06-13-2019 05:38 AM - edited 06-13-2019 05:40 AM
Hello, we are using version 8.0; master servers are linux. In the Master admin console gui, we are seeing many job IDs without policy names or status. Clicking on them, if we look at Detailed Staus, we see:
Mar 3, 2019 8:01:56 PM - Info bpbrm (pid=2947) starting bphdb on client
Mar 4, 2019 1:01:56 AM - Error bpbrm (pid=2947) cannot execute cmd on client .com
Mar 4, 2019 1:01:56 AM - Error bpbrm (pid=2947) socket close failed, Bad file descriptor (9)
Mar 4, 2019 1:01:56 AM - Error bpbrm (pid=2947) could not write EXIT STATUS to OUTSOCK
Mar 4, 2019 1:01:56 AM - Info bphdb (pid=0) done. status: 26: client/server handshaking failed
They're from different clients, but all have that basic data. They're all from early March 2019. They're not clearing out; we're not sure if they're consuming resources. We cannot cancel them. Has anyone seen anything like this? I couldn't find the exact same situation, when I did a search.
Solved! Go to Solution.
06-20-2019 01:07 PM
Unfortunately, my "solution" is not a great discovery. Our guess is that when my coworker stopped/started nb services on the master server while working on the unrelated issue, it freed up those hung jobs and let me cancel them.
06-13-2019 09:06 AM
Try to stop the netbackup service from Master server.
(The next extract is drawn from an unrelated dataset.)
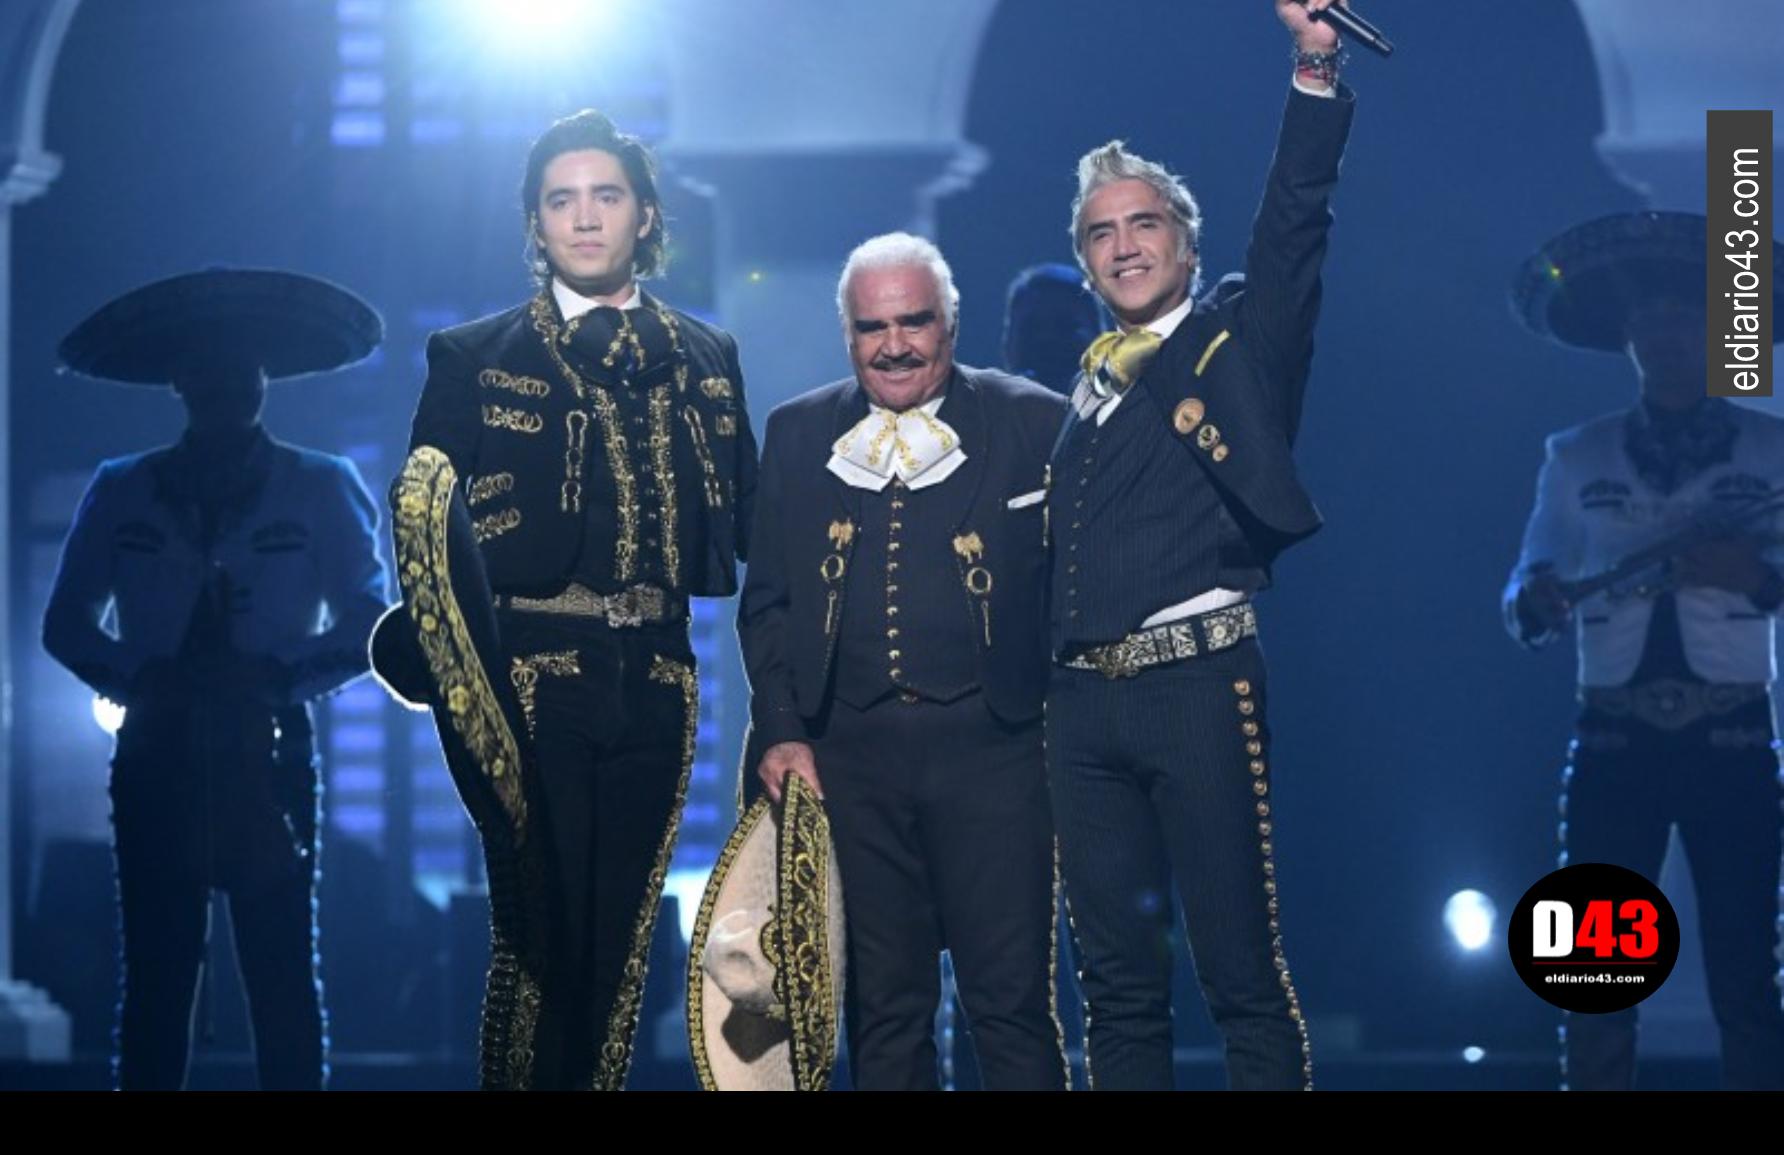 Por primera vez, los tres Fernández cantan juntos en un mismo escenario

Run bp.kill_all from the Netbackup installation path and restart the service, let me know the status.
06-13-2019 10:04 AM
@Arkya , won't that effect current jobs running, as opposed to those stuck in limbo status since March 4?
06-13-2019 10:27 AM
Yes, that will impact the current jobs as well, try the steps on non backup hours.
06-13-2019 10:36 AM
@Arkya ,
Good idea! I’ll try it during our regularly scheduled maint. Window on Monday afternoon.
06-14-2019 12:48 AM
There was a similar post over here: https://vox.veritas.com/t5/NetBackup/Ghost-unknown-jobs-in-the-activity-monitor/m-p/832864
Please have a look at replies and see if anything helps.
Unfortunately the original poster never replied.
06-14-2019 05:24 AM
Good morning, when I left work last night, my coworker was on the phone with Veritas support for an unrelated issue (but on the same master server). He left me an email telling me that they fixed his issue. I checked the master gui, and noticed that all those limboed jobs were now showing "Waiting for retry" and "cancel" was no longer grayed out. I was able to cancel all those jobs that were there since March. When my coworker is back on Monday, I'll ask him what was done. Maybe they used the Veritas version of penicillin.
06-20-2019 01:07 PM
Unfortunately, my "solution" is not a great discovery. Our guess is that when my coworker stopped/started nb services on the master server while working on the unrelated issue, it freed up those hung jobs and let me cancel them.